Please could someone help me?

This is my code:

#include <iostream>

int main() {
    const int A = 42;
    int i;
    i * i != 0;
    for (i = 1; i < 99999999; i++) {
        if (A % (i * i) == 0) {
            std::cout << i << std::endl;
        }
    }   
}

[plead read this](http://stackoverflow.com/questions/1452721/why-is-using-namespace-std-considered-bad-practice) — Ed Heal, Mar 12 '17 at 21:42
line 2: `i * i != 0;` is useless. furthermore, i don't see you dividing in here. — Shark, Mar 12 '17 at 21:42
@NickA `i` should be initialized to 1 in the line above, but due to UB involved... thanks btw. — Shark, Mar 12 '17 at 21:48
@Nick A "modulo 0 raises a div by zero error doesnt it?" - no, it invokes "undefined behaviour" which means *anything* could happen. — Jesper Juhl, Mar 12 '17 at 22:09
You code crashes when i = 65536, so you're dividing by 4294967296, which is 2^32. Coincidence?
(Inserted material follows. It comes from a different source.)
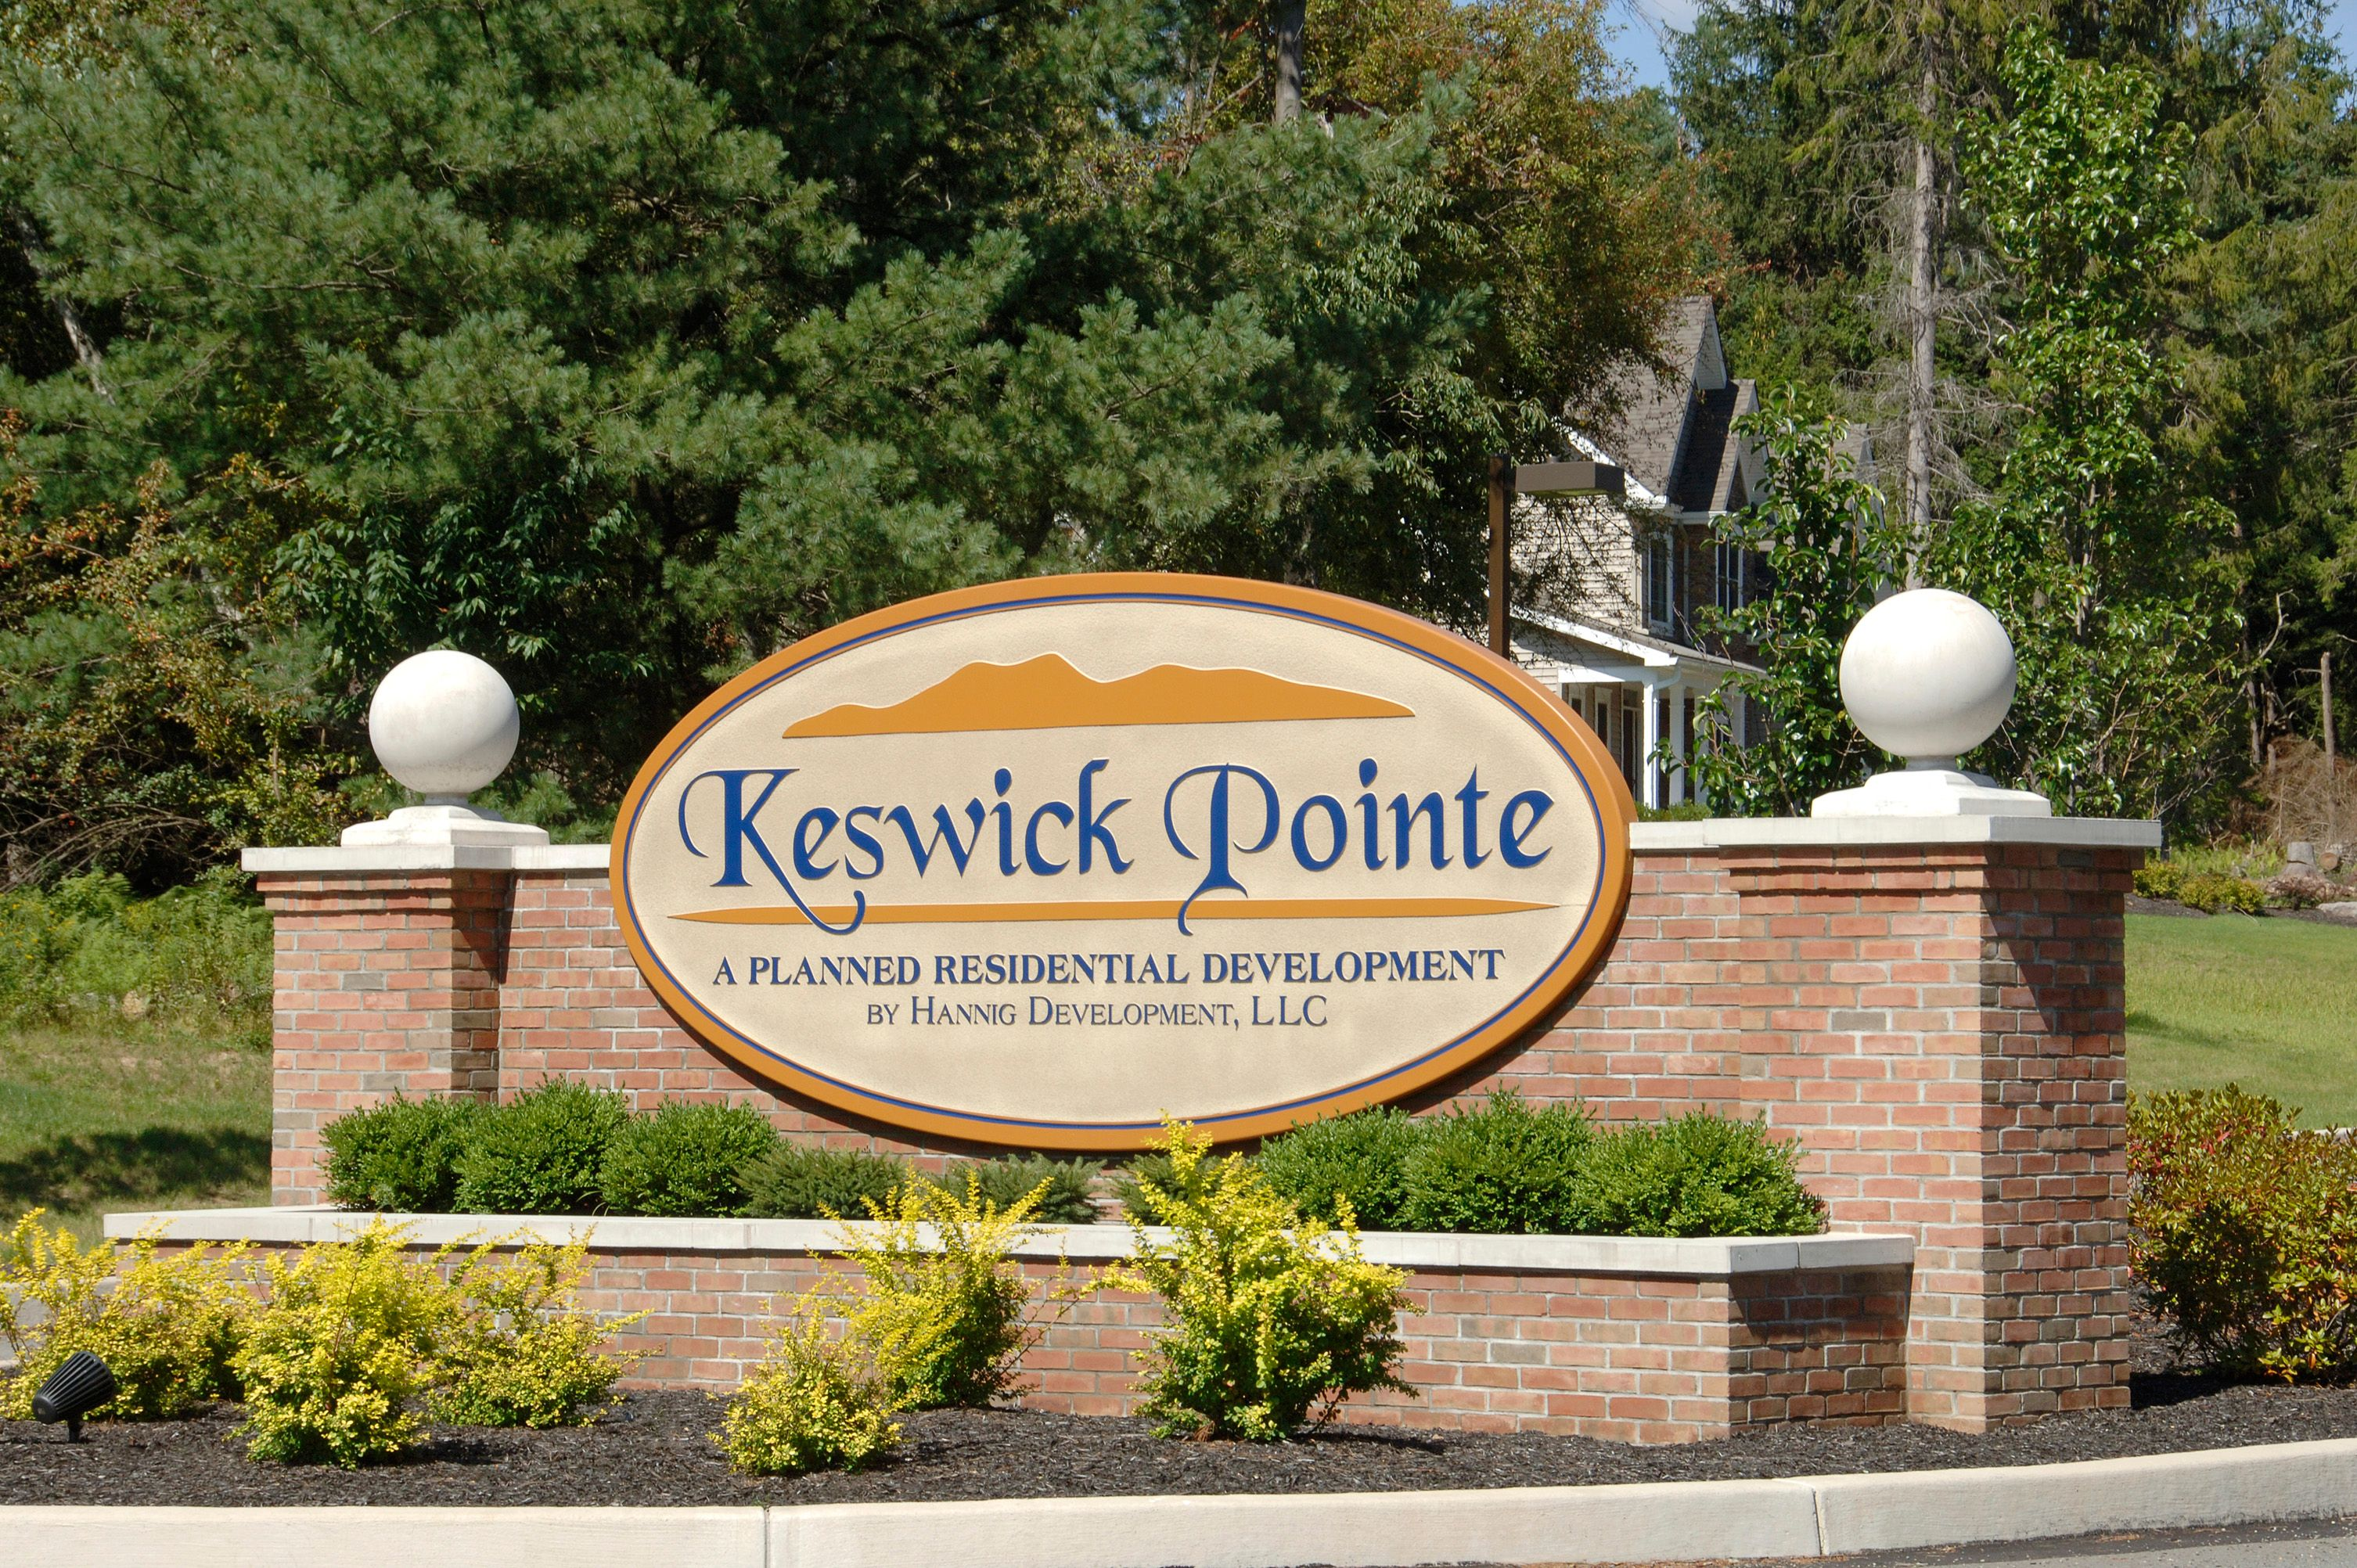 'Keswick Pointe' by Spread Eagle Development Corporation in Poconos

I THINK NOT! It's overflowing, and ending up as 0. I'd add an answer, but it's closed so I can't ... — OMGtechy, Mar 12 '17 at 22:28
i added i*i !=0 thinking it might avoid 0 in the calculation — Luka Rusadze LukaRuso, Mar 12 '17 at 22:48
I'll edit the question to express that, although it doesn't do what you think it does — OMGtechy, Mar 12 '17 at 22:50

Iharob Al Asimi · Answer 1 · 2017-03-12T22:23:52.370

3

Your code is invoking undefined behavior, because

i * i != 0

appears before initializing i, thus you can understand your program's behavior because there is undefined behavior happening, and one of the things that could happen is that i == 0 at some point.

Also, the statement does absolutely nothing so it's pointless.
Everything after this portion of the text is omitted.